To climate activists, countries like Azerbaijan and the UAE, dependent on oil and gas export revenues for their economic well being, are compromised diplomatic brokers. But a recent visit to Baku reveals a more nuanced picture: Azeri officials say the country fully accepts the logic of the energy transition and the need to lower carbon emissions. The trouble is neighbors in Europe, who are desperate to buy more of the country’s gas, need them to remain fossil fuel producers.
For Baku’s European customers, the priority has been securing alternatives to Russian gas supplies ever since Moscow’s invasion of Ukraine in 2022. This has meant tapping into much more gas from Azerbaijan’s fields under the Caspian.
Europe imported 11.8 billion cubic meters of gas from Azerbaijan last year and that’s expected to increase to 13 bcm this year. Azerbaijan in 2022 signed a memorandum of understanding with the European Commission to double its gas exports to Europe to 20 billion cubic meters by 2027.
There are also talks underway about the option to pump Azeri gas into another pipeline that runs via Ukraine in a attempt to keep supplies flowing to Europe without buying from Russia. In an interview at Baku Energy Week in early June, Deputy Energy Minister Orxan Zeynalov said there was no indication that European countries, Georgia or Turkey would stop buying its gas.

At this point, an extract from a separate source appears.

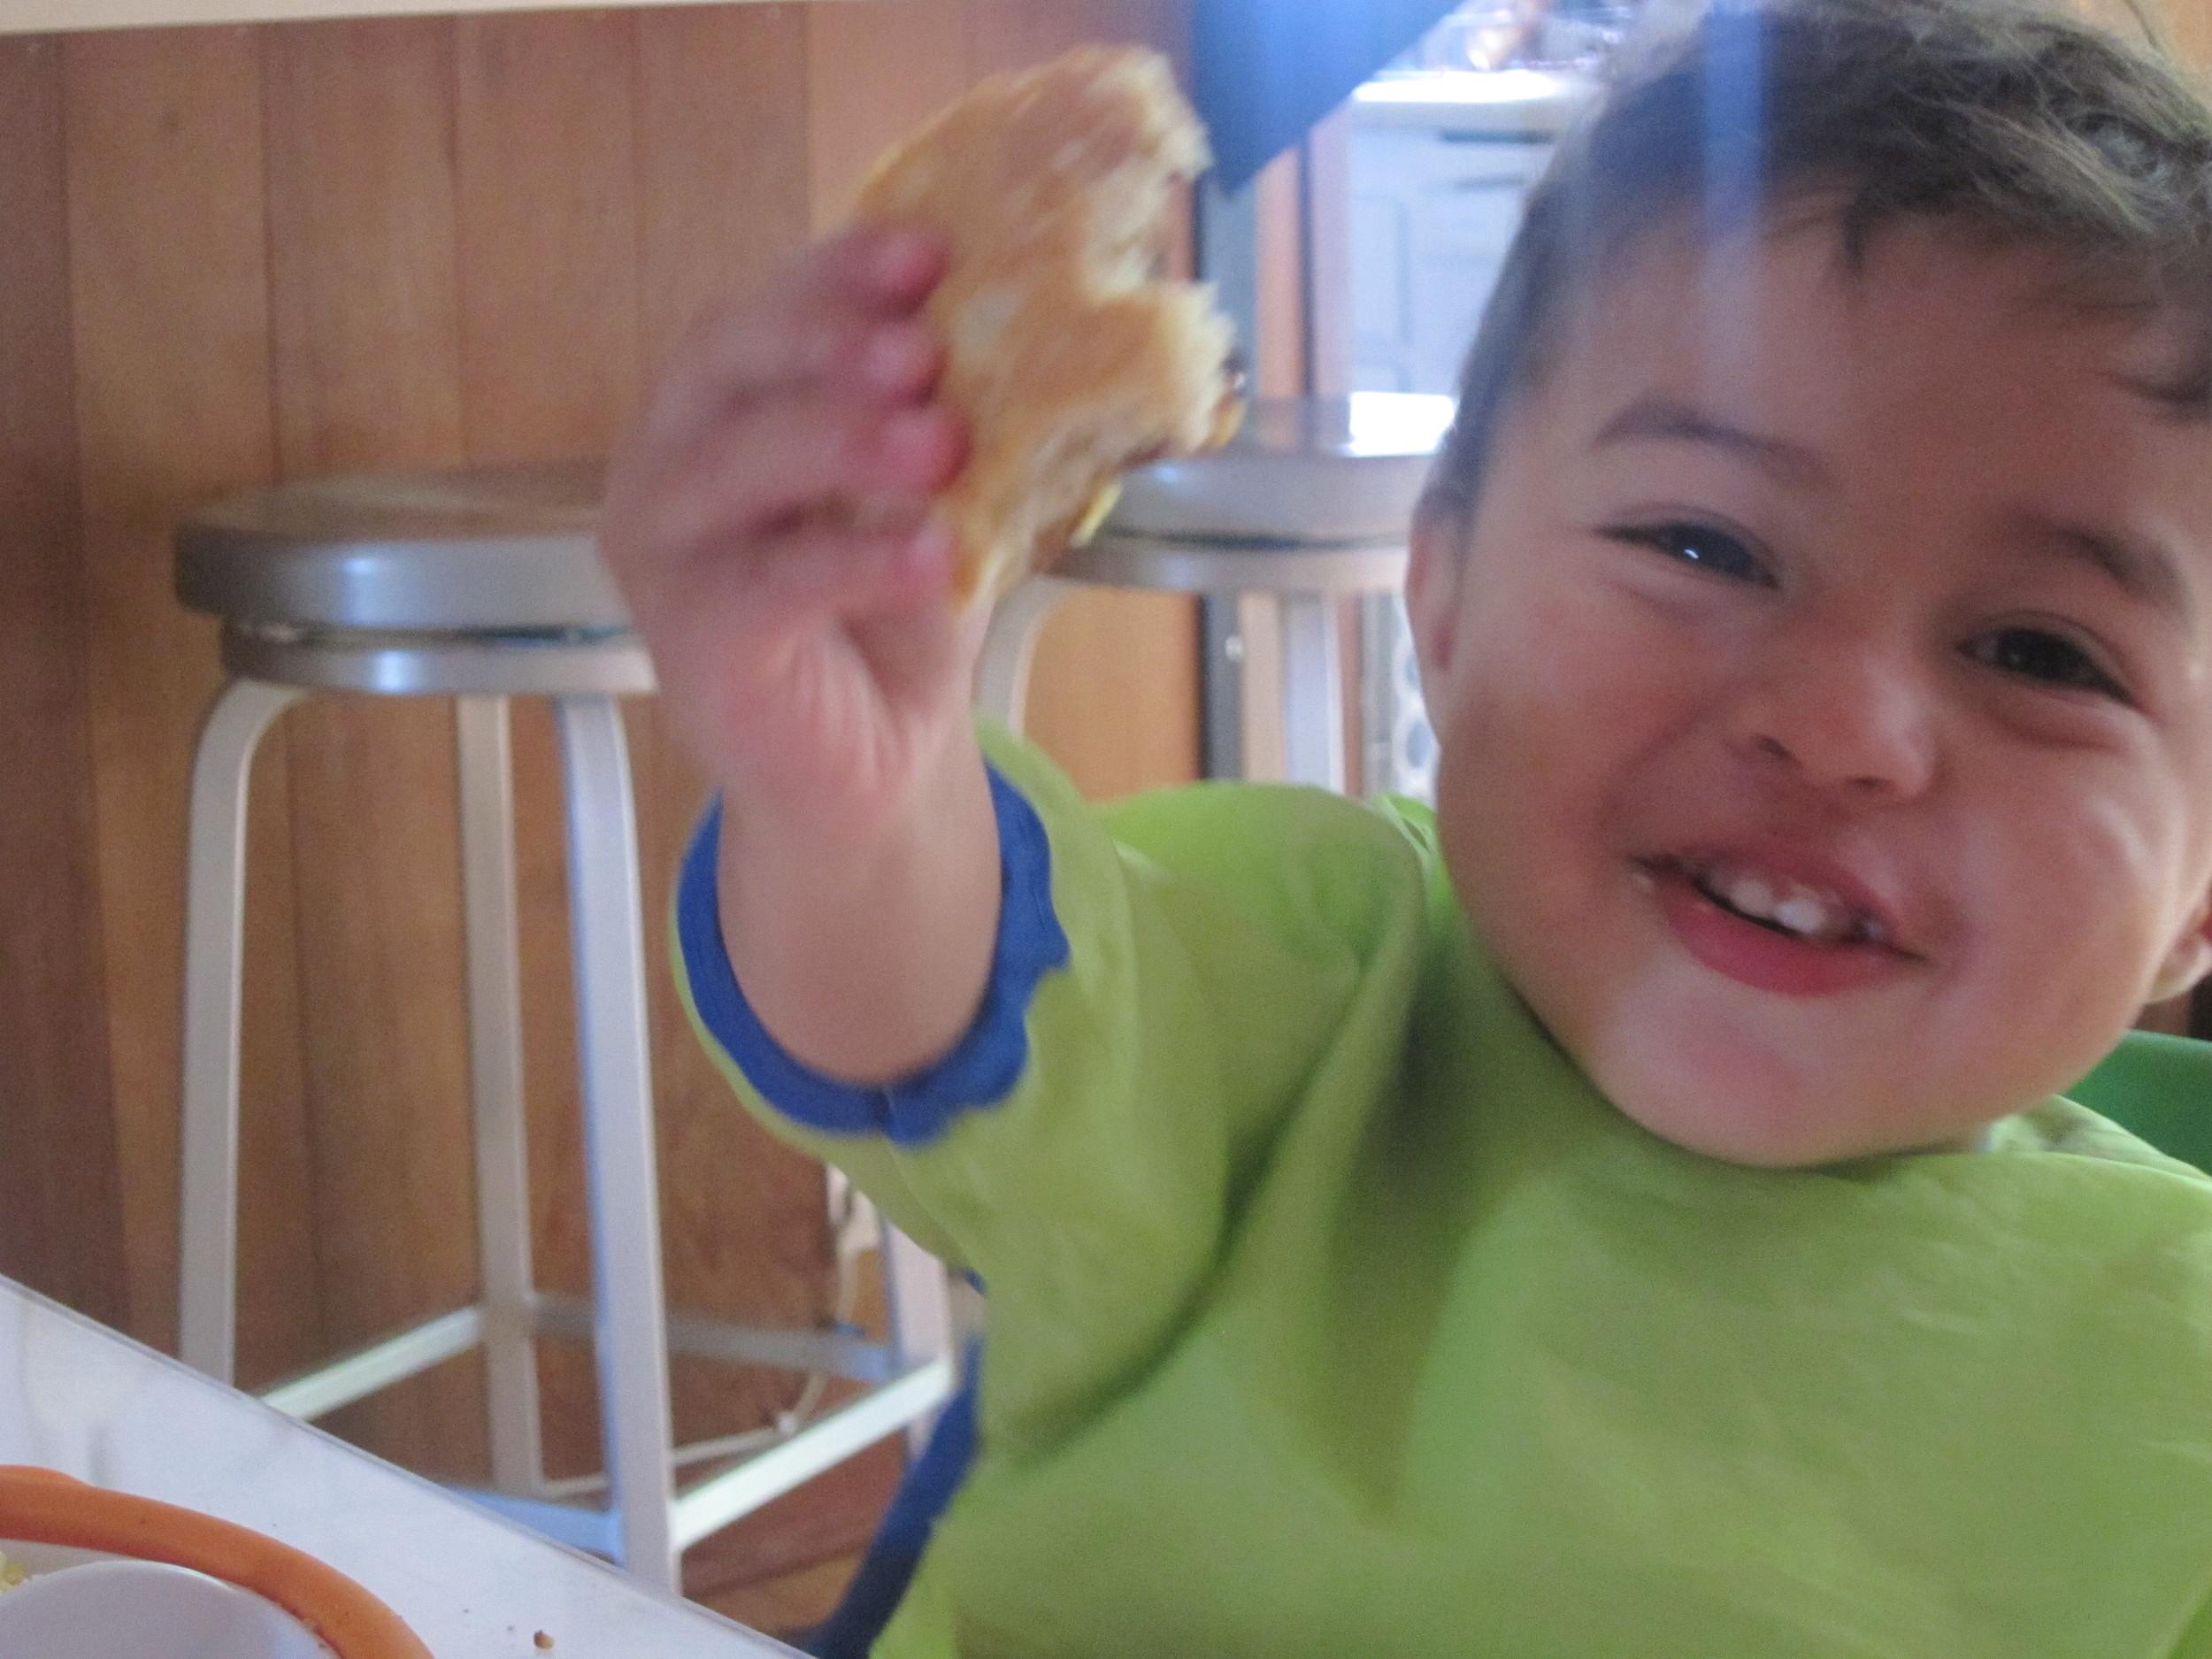 Elian eats Arepas

All of this seems to fly in the face of an agreement nearly 200 countries made at COP28 in Dubai last year to phase out the use of fossil fuels. The deal was hailed as a landmark achievement, though it also included the caveat that gas will be key to helping countries shift to renewables.
This is an important proviso for countries like Azerbaijan, which says it’s taking steps to green its economy despite the increasing demand for fossil fuels. In an interview in Baku, Mukhtar Babayev, the former oil executive who is now environment minister and president of COP29, pointed to the growing number of hybrid and pure electric cars driving around the capital, saying demand for them has grown so much that charging is starting to disrupt the grid.
“Now the country has turned the economy to green growth,” he said.
Socar, its state run energy company, is planning to become net zero by 2050; the government has signed memorandums of understanding to build 27 gigawatts of new wind and solar farms, said Kamran Huseynov, deputy director at the state run Azerbaijan Renewable Energy Agency, in an interview. This would add more than three times Azerbaijan’s total installed electricity generation capacity today.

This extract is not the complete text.